Nelly Furtado recalls the “abusive qualities” she endured in a previous relationship – one that left her “feeling powerless.”
The 45-year-old did not reveal the identity of the other person involved, but bared her soul about their “toxic” dynamic.
She said that “fear” and “love” can keep someone from leaving a problematic relationship, as can “isolating yourself” and “not telling your friends the truth about what’s happening in your life.”
Furtado also claimed that “I think as women sometimes we tend to sacrifice our happiness” after falling “in love” with someone.
“I went through a very difficult time where I think I accepted some things that I would never accept now, in terms of the way you are treated,” she said. Call her daddy.
Nelly Furtado Recalls the ‘Abusive Characters’ She Endured in a Past Relationship – One That Made Her ‘Feel Powerless’
“You can’t see it at all when you’re in it, and sometimes we just love so hard, and we love,” the I’m Like A Bird hitmaker added.
“And I’m sure there are women too, you know, when we become mothers – we’re quite vulnerable when we become mothers because we want the best for our children and we want to protect them,” she added.
Furtado is a mother of three: she shares her daughter Nevis, 21, with her ex-boyfriend Jasper Gahunia, as well as two other children, a son and a daughter whose names she has not revealed with the rapper Jerry, aka Gerard Damien Long .
In between her relationships with the fathers of her children, she was married to sound engineer Demacio Castellon from 2008 to 2016.
“And I guess I’ll say in general, it can really happen to anyone, I feel powerless, you know what I mean?” Furtado said on Call Her Daddy.
“You could have all the money in the world and all the resources, but in your head, that’s really your only wealth in your head.”
She argued that someone who “cannot feel strong enough and clear enough” might struggle to get out of “a situation that may be toxic for you and not the best for you, and that may be abusive in any way.” is.’
Furtado noted that “it’s hard when you’re in a relationship with that imbalance, I would say, and abusive qualities. It’s hard to see outside of that because you isolate yourself. You stop talking to your friends. You don’t tell your friends the truth about what’s happening in your life. You live in a bubble.’

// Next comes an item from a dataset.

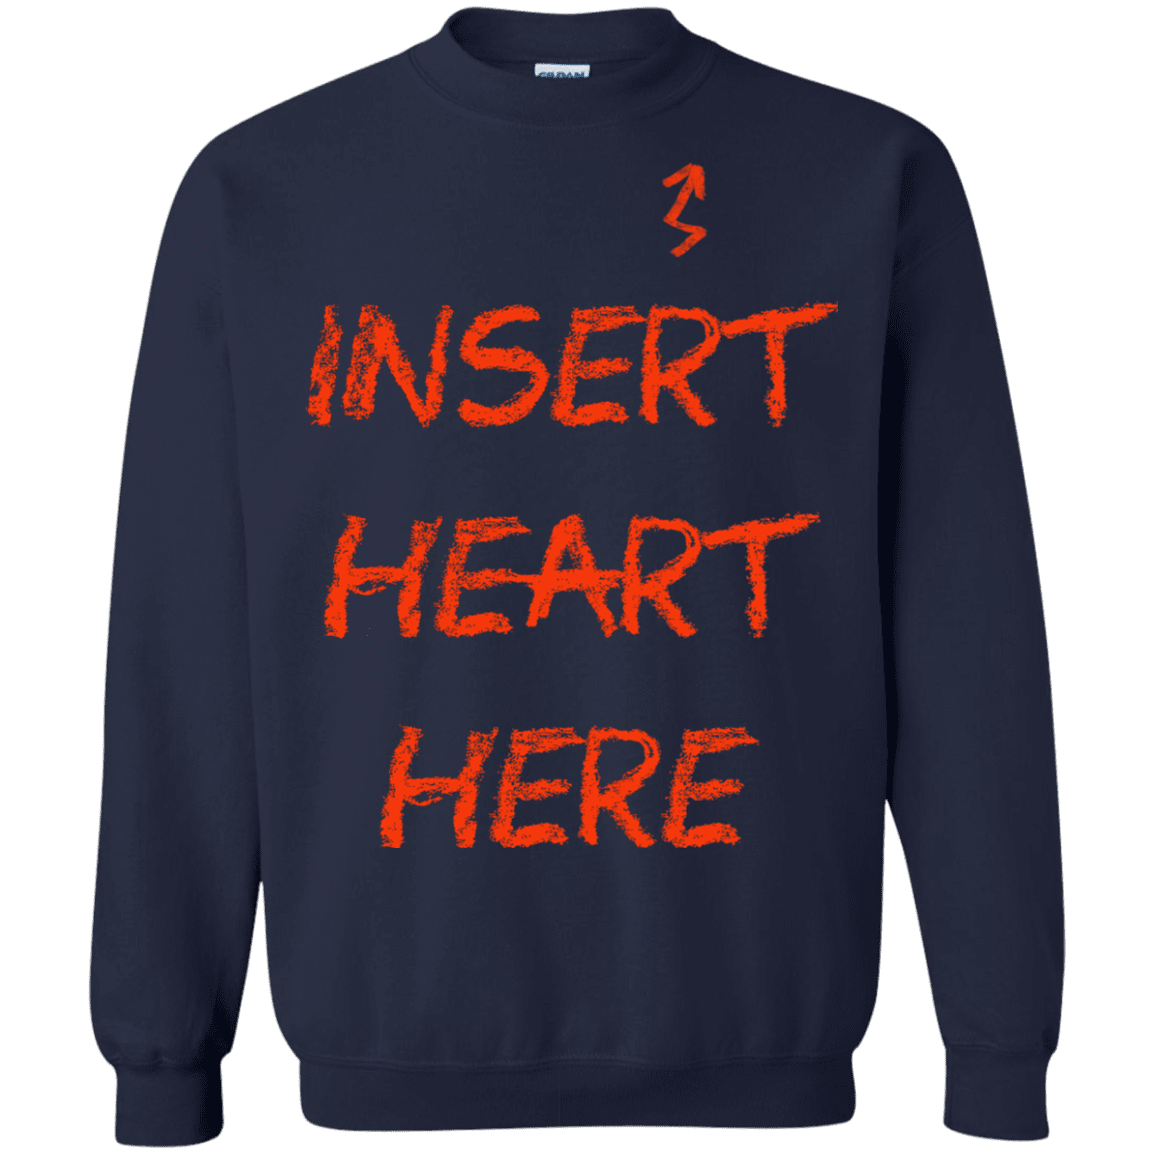 Sweatshirts Navy / S Insert Heart Here Crewneck Sweatshirt

The 45-year-old did not reveal the identity of the other person involved, but bared her soul about their ‘toxic’ dynamic; pictured on stage in Nova Scotia in March
She explained, “And it’s hard to admit that you chose not to say anything, right? It’s hard to admit to yourself, right? And then, on top of that, love, right? Love keeps you there, because oh, you want to – and I will say so.”
Furtado argued that “I think as women we tend to sacrifice our happiness sometimes, once we get into it. Once we fall in love, right? We often have that – sometimes we sacrifice ourselves and think we’re doing the right thing.’
She explained, “Fear is also huge because when you’re scared, when you have fear, it can be a very powerful emotion.”
Furtado added, “You can be scared, but so can it, like you’re creating it in your head. You can be afraid, like, “Oh, what’s that person going to do to me or say about me, or like you know, etc.?” Don’t know.’
She continued, “You’re just afraid of that, and it gets worse, you know, when you have kids and there’s very different things to think about.”
The Canadian singer, pictured in Nova Scotia in March, also candidly discussed the process of ultimately extricating herself from the relationship.
The Canadian singer also candidly discussed the process of ultimately extricating herself from the relationship.
“I think there were moments where I almost had the strength, but again, something held me there, where I thought, ‘Oh, this is the moment,’” the British Columbia-born musician said.
“So I think – I will say, I have remarkable friends. Like I’m very lucky. I have some really, really, really great friends, real childhood friends who have been there for me my whole life. And they just knew what to say to me and knew what was too much or too little.”
Furtado’s advice “to the ladies out there” is that “the people who tell you what you don’t want to hear are the ones you should keep close.” Hopefully they know you well enough not to scare you with judgment or something like that.’
She clarified, “And it’s not a judgment if you, you can feel when it’s love. And I think everyone has someone, you know, maybe one person or one voice in their life that reminds you when things aren’t right and what your value is and what behavior is unacceptable if you can’t see it yourself.”